Saturday, October 21, 2017

Nightmare Fuel, Day the Twentieth - At the Forbidden Door

Day the twentieth! One score of little flash pieces.

This image was an interesting one: both Kary Gaul and Samantha Dunaway Bryant saw ghost stories, of sorts.

As for me? I love old folktales. They live at the heart of our cultural heritage.




At The Forbidden Door


It was always his house. From the day I moved in, through our wedding day, until we moved out, it was always his.

He wasn't bad about it, wasn't cruel about it. It was just a fact. I'd moved in to his house. Not even that it was all that special. A nondescript split-level, exactly matching its neighbors. Even the name of the style is dull. Split-level. It's to yawn.

Anyway, as I said, it was his. And he was really OK about it. It's not like he held it over me, or threatened to kick me out when we got into big fights.

At least not much.

But really, he was fine about it. Except that one spare room upstairs. The one we said we'd turn into a nursery for the kids we both knew we'd never have. The one with the locked door, that he told me never to open. THat was his space. Yes, I know the stories. Everyone does. I sniffed at the door sometimes and never smelled blood or decaying flesh, so there was that. It was probably just an extra computer where he kept the weird porn he didn't want me to know he watched. The thought kinda grossed you out, but that's really just part of life. Guys'll have weird secrets. It's what makes them guys.

Anyway, you lasted until moving day. You'd joked once that you'd have to go into the forbidden room to pack it up, but only once. You'd said it lightly, but that look in his eyes...

"How DARE you? You'll not use the move as an excuse. That is THE. FORBIDDEN. DOOR."

Yes, it should have sounded absurd, but the look on his face was anything but funny. You quickly looked down and muttered, "sorry. Joking".

I hadn't been, and he knew it.

SO now it was moving day at last.

He's off now to the new place in his truck, loaded with the things that he didn't want to trust to the movers. I'm alone with the cat, upstairs.

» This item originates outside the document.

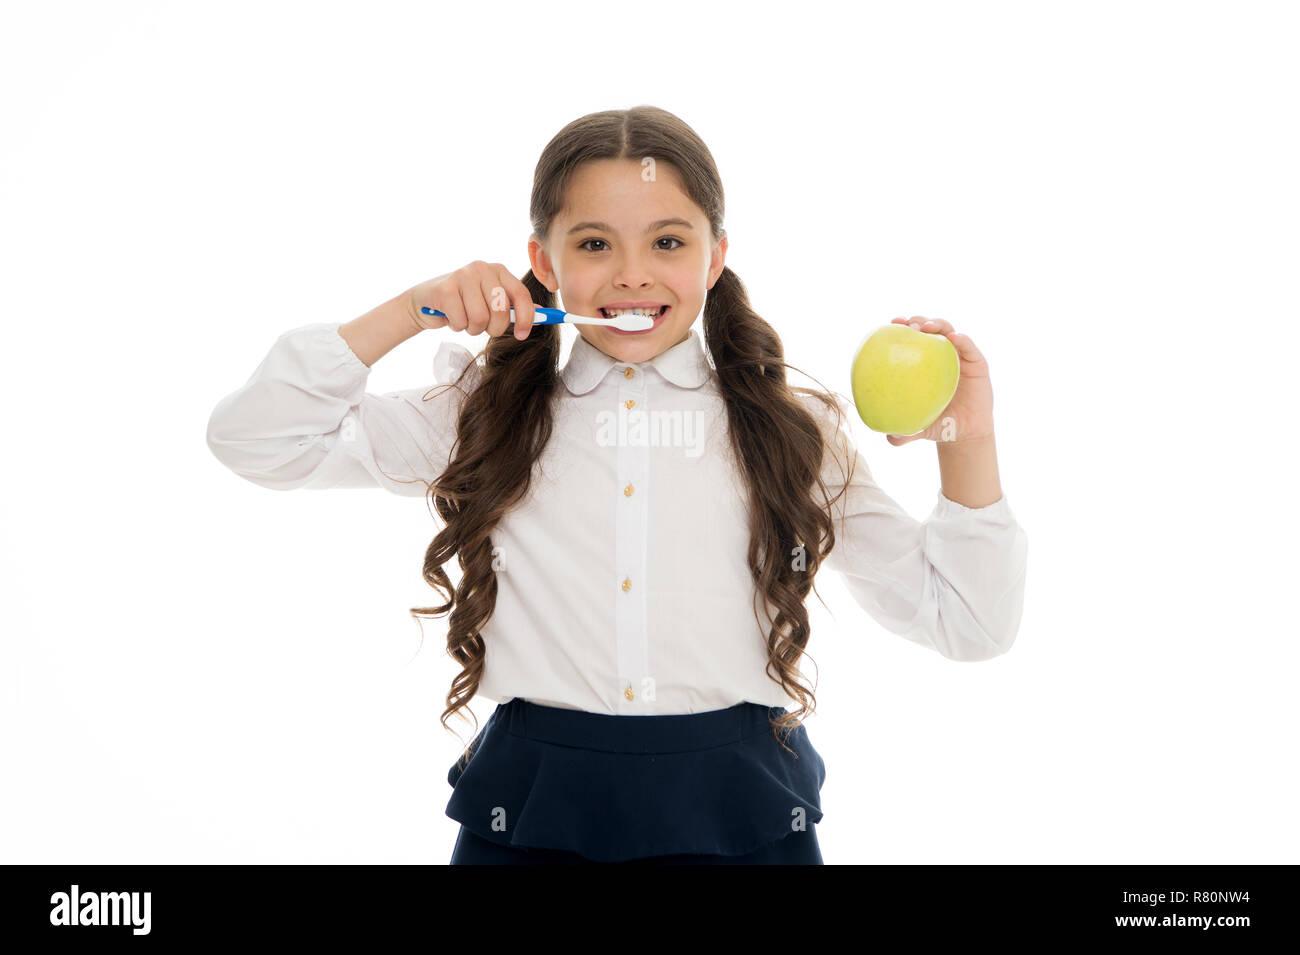 Cepillo de dientes cada día. Concepto de higiene oral. Chica mantenga el cepillo de dientes y apple fondo blanco. Niño Niña mantenga frutas y cepillo con pasta de dientes. Niño schoolgirl kid feliz diente cuidado de la higiene bucal. Imagen De Stock

She's looking at the forbidden door.

It would be easy. I lived alone for years before moving in to his house, and I had the kind of mother who believed in teaching daughters how to fix things around the house. How to replace a kitchen faucet. How to install a toilet.

How to take a door off its hinges.

I'd not remembered unpacking the hammer, but here it was next to me. The hammer wasn't his, wasn't ours. It was mine, as was the cat. As were too few things.

I stood in the hallway a long time, watching the cat watching the forbidden door. She mewed once, plaintively, sadly, then trotted towards me, looked up at me. The hammer was in my hand.

My hammer.

A hammer is a tool. It felt comfortable in my hand.


I'd always known.

She didn't even fight when I guided her into her carrier, and only meowed once when I picked it up in my left hand and headed for the door.

A hammer is a tool, but also a weapon. I didn't loose my grip on my
hammer until I reached the car. I set it in the passenger seat, in reach as I drove off, in the opposite direction of his new home, one eye always on the rear-view mirror.